Mi primera sorpresa fue que aquel muchacho de veinte años, macizo, con más cara de trompetista que de héroe de la patria, tenía un instinto excepcional del arte de narrar, una capacidad de síntesis y una memoria asombrosas, y bastante dignidad silvestre como para sonreírse de su propio heroísmo. En veinte sesiones de seis horas diarias, durante las cuales yo tomaba notas y soltaba preguntas tramposas para detectar sus contradicciones, logramos reconstruir el relato compacto y verídico de sus diez días en el mar. Era tan minucioso y apasionante, que mi único problema literario sería conseguir que el lector lo creyera. No fue sólo por eso, sino también porque nos pareció justo, que acordamos escribirlo en primera persona y firmado por él. Ésta es, en realidad, la primera vez que mi nombre aparece vinculado a este texto.

La segunda sorpresa, que fue la mejor, la tuve al cuarto día de trabajo, cuando le pedí a Luis Alejandro Velasco que me describiera la tormenta que ocasionó el desastre. Consciente de que la declaración valía su peso en oro, me replicó, con una sonrisa: «Es que no había tormenta». Así era: los servicios meteorológicos nos confirmaron que aquél había sido uno más de los febreros mansos y diáfanos del Caribe. La verdad, nunca publicada hasta entonces, era que la nave dio un bandazo por el viento en la mar gruesa, se soltó la carga mal estibada en cubierta, y los ocho marineros cayeron al mar. Esa revelación implicaba tres faltas enormes: primero, estaba prohibido transportar carga en un destructor; segundo, fue a causa del sobrepeso que la nave no pudo maniobrar para rescatar a los náufragos, y tercero, era carga de contrabando: neveras, televisores, lavadoras. Estaba claro que el relato, como el destructor, llevaba también mal amarrada una carga política y moral que no habíamos previsto.

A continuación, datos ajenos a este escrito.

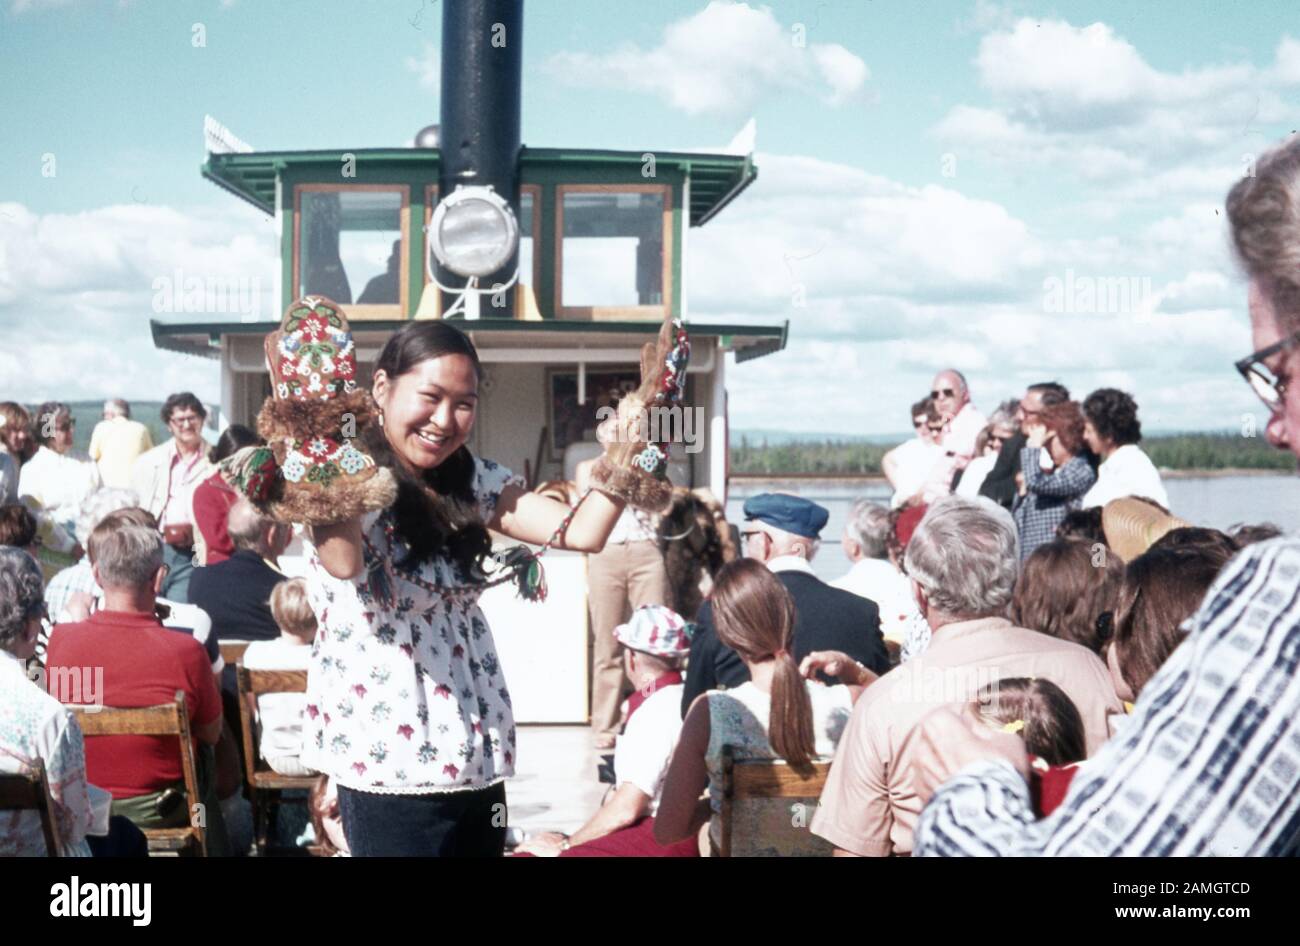 Photographie vernaculaire prise sur un film analogique de 35 mm transparent, qui est censé représenter les personnes qui se rassemblent sur un bateau pendant la journée, 1965. Les principaux sujets/objets détectés incluent Les Personnes. () Banque D'Images

La historia, dividida en episodios, se publicó en catorce días consecutivos. El propio gobierno celebró al principio la consagración literaria de su héroe. Luego, cuando se publicó la verdad, habría sido una trastada política impedir que se continuara la serie: la circulación del periódico estaba casi doblada, y había frente al edificio una rebatiña de lectores que compraban los números atrasados para conservar la colección completa. La dictadura, de acuerdo con una tradición muy propia de los gobiernos colombianos, se conformó con remendar la verdad con la retórica: desmintió en un comunicado solemne que el destructor llevara mercancía de contrabando. Buscando el modo de sustentar nuestros cargos, le pedimos a Luis Alejandro Velasco la lista de sus compañeros de tripulación que tuvieran cámaras fotográficas. Aunque muchos pasaban vacaciones en distintos lugares del país, logramos encontrarlos para comprar las fotos que habían tomado durante el viaje. Una semana después de publicado en episodios, apareció el relato completo en un suplemento especial, ilustrado con las fotos compradas a los marineros. Al fondo de los grupos de amigos en alta mar, se veían, sin la menor posibilidad de equívoco, inclusive con sus marcas de fábrica, las cajas de mercancía de contrabando. La dictadura acusó el golpe con una serie de represalias drásticas que habían de culminar, meses después, con la clausura del periódico.

A pesar de las presiones, las amenazas y las más seductoras tentativas de soborno, Luis Alejandro Velasco no desmintió una línea del relato. Tuvo que abandonar la Marina, que era el único trabajo que sabía hacer, y se desbarrancó en el olvido de la vida común. Antes de dos años cayó la dictadura y Colombia quedó a merced de otros regímenes mejor vestidos pero no mucho más justos, mientras yo iniciaba en París este exilio errante y un poco nostálgico que tanto se parece también a una balsa a la deriva. Nadie volvió a saber nada del náufrago solitario, hasta hace unos pocos meses en que un periodista extraviado lo encontró detrás de un escritorio en una empresa de autobuses. He visto esa foto: ha aumentado de peso y de edad, y se nota que la vida le ha pasado por dentro, pero le ha dejado el aura serena del héroe que tuvo el valor de dinamitar su propia estatua.